Cela est intéressant aussi pour nous, qui célébrons la Semaine de prière pour l’unité de chrétiens cette semaine : Quelles sont les fissures, parfois même les micro-fissures qui, dans nos cœurs, nos regards, nos préjugés blessent notre fraternité et sororité chrétiennes ?
Et quel pourrait en être l’antidote ? Il me semble que Paul esquisse une réponse, du moins une invitation dans son Épître aux Romains au chapitre 12 lorsqu’il appelle au renouvellement de l’intelligence pour discerner la volonté de Dieu. Autrement dit, que l’unité ne se fonde pas dans nos efforts humains mais dans une intelligence renouvelée par le Christ ! Il nous invite à nous laisser renouveler par l’Esprit du Christ, son enseignement mais aussi sa manière d’être, sa façon de considérer les plus petits, les marginalisés, son regard d’amour qui relève tout homme toute femme quelque soit le désespoir qui l’enferme !

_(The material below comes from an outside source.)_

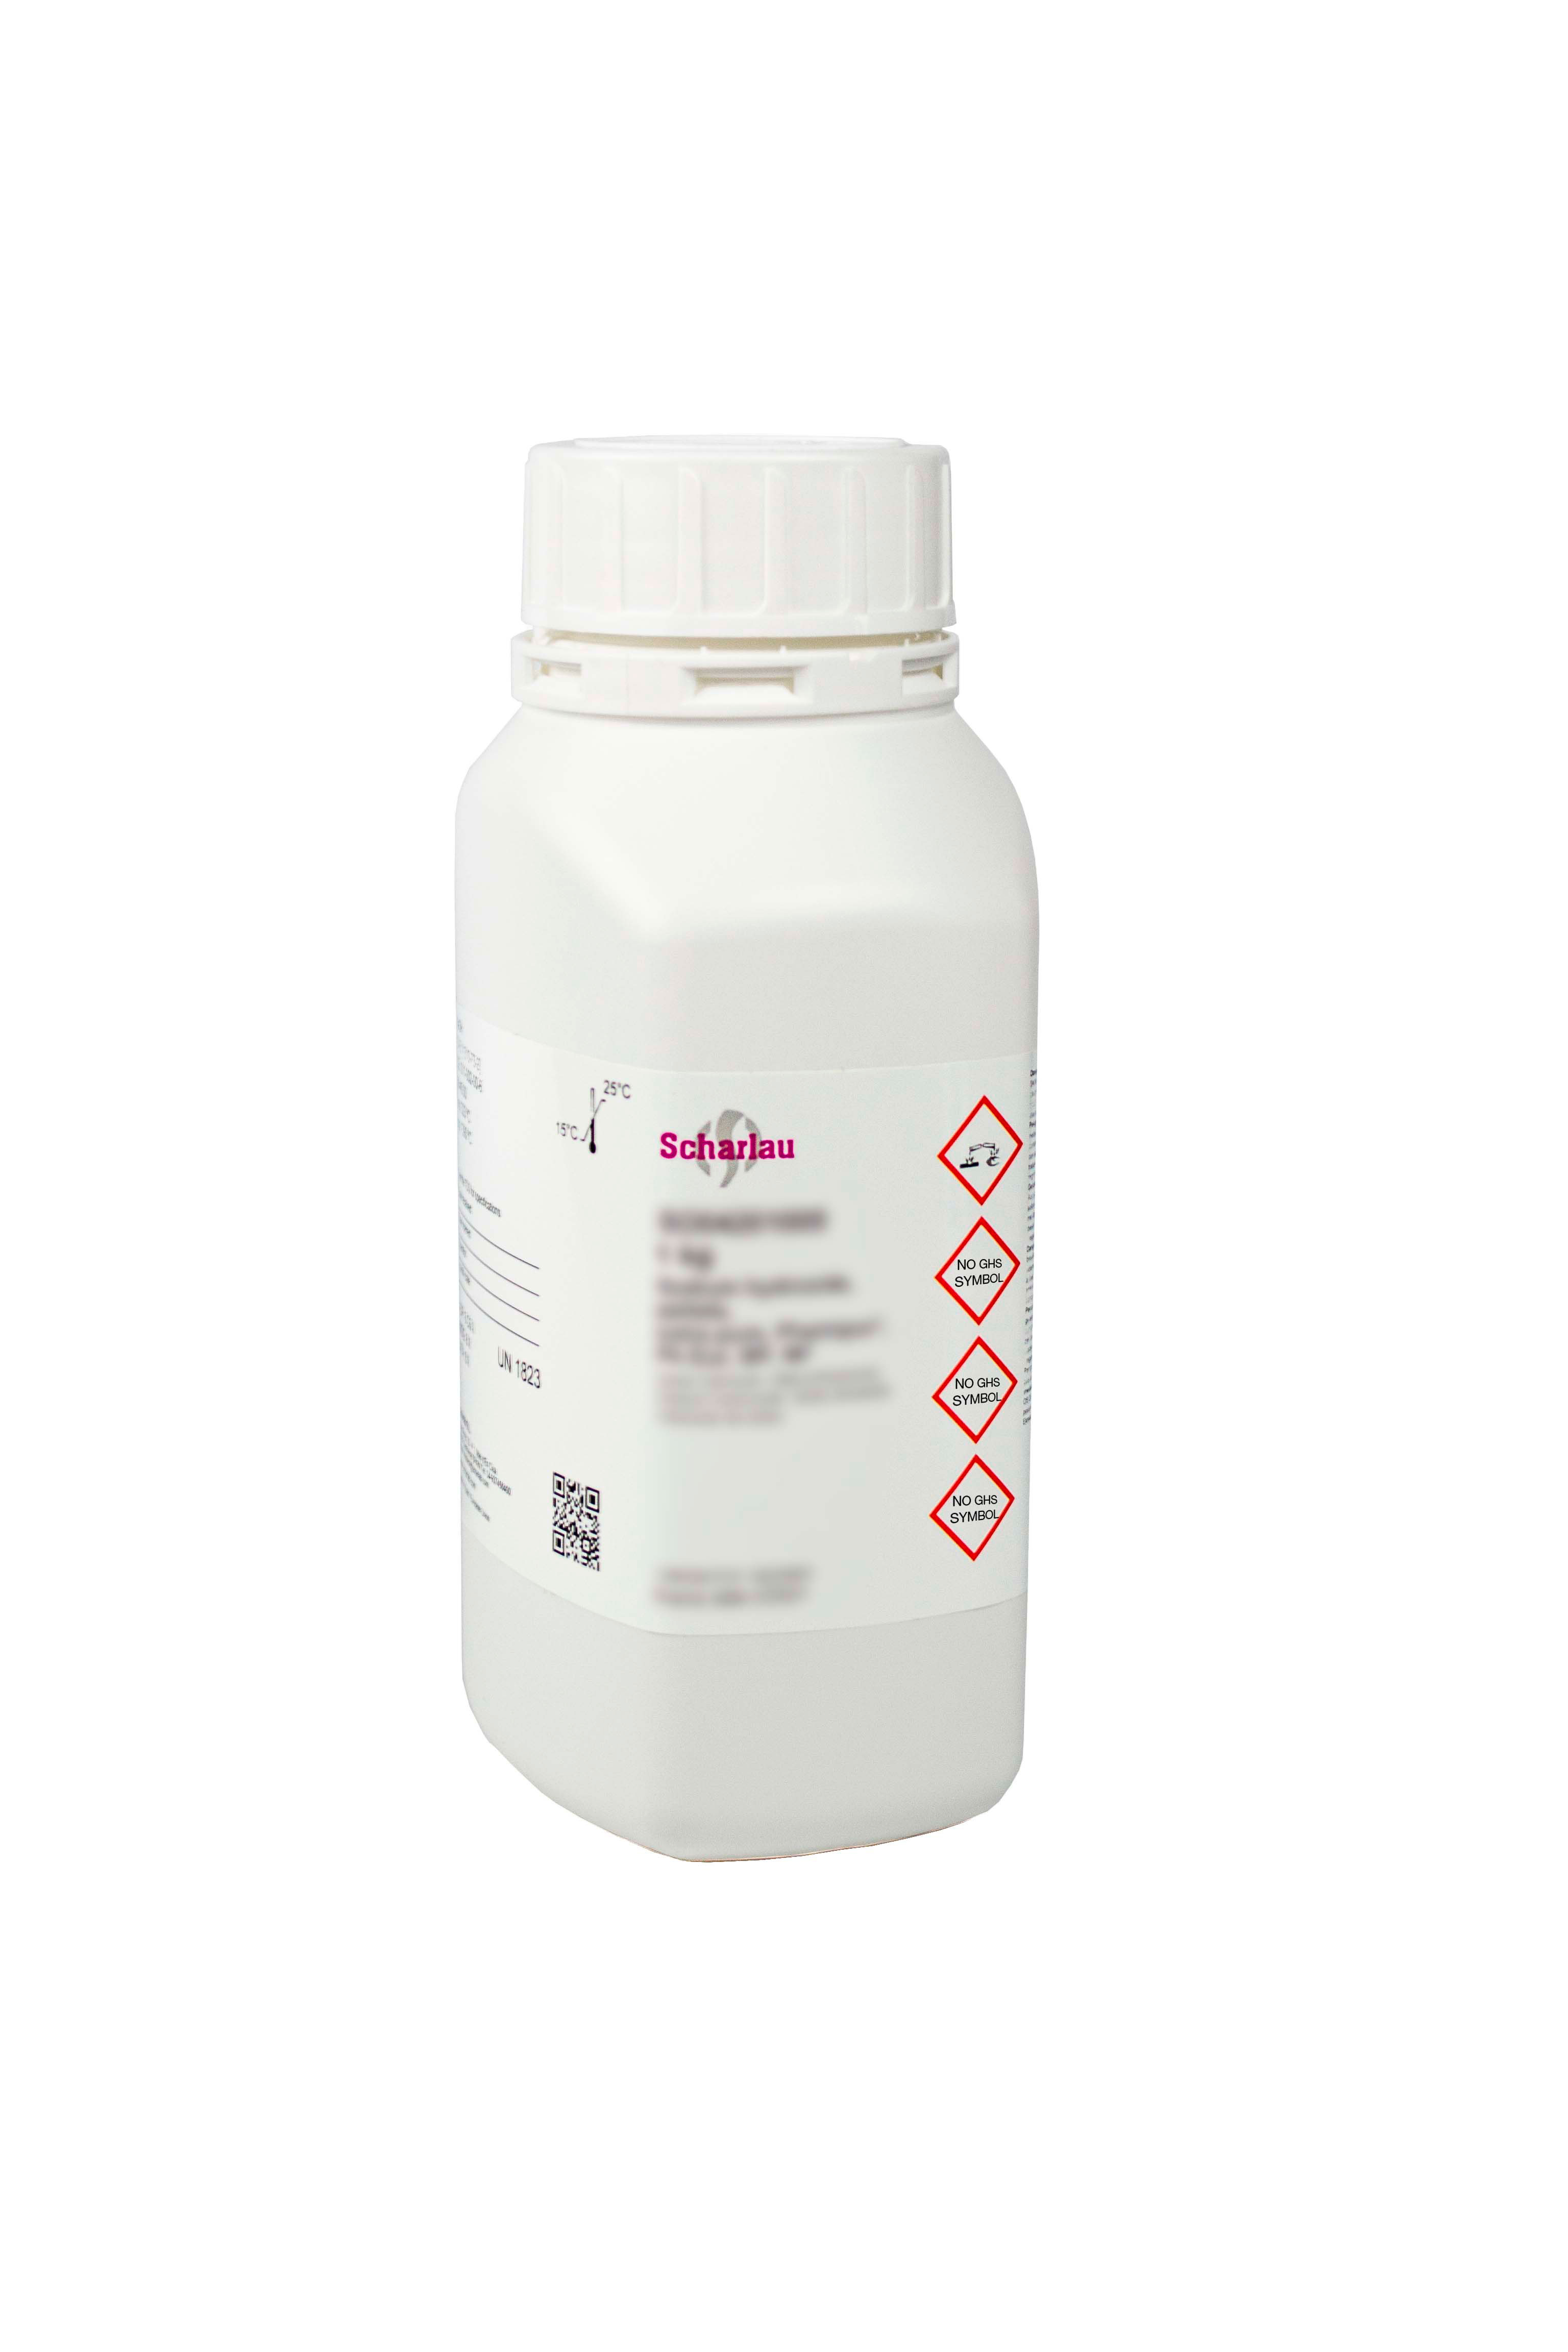 Hyamine® 1622 (Hyamine is a trademark of Rohm and HAAss Company), N-Benzyl-N,N-dimethyl-N-[4-(1,1,3,3-tetramethylbutyl)-phenoxyethoxyethyl]ammonium chloride, Benzethonium chloride

Et puis Paul évoque le baptême qui est toujours reçu au nom du Christ, et non au nom de tel ou tel pasteur, prêtre, ou pope… L’apôtre nous invite à faire mémoire de cela, en nous reconnaissant toutes et tous baptisés, morts et ressuscités dans le Christ et disciples du même Seigneur.
Le mot œcuménisme vient du grec « oikoumene » qui signifie terre habitée, monde habité. En effet, il contient le mot « oikos » maison. Mais rappelons nous que c’est dans nos cœurs que le Seigneur souhaite faire sa demeure. Il nous envoie dans le monde, à sa suite et à sa rencontre dans le plus petit de nos frères, en évitant d’ériger des murs trop solides et sécurisants.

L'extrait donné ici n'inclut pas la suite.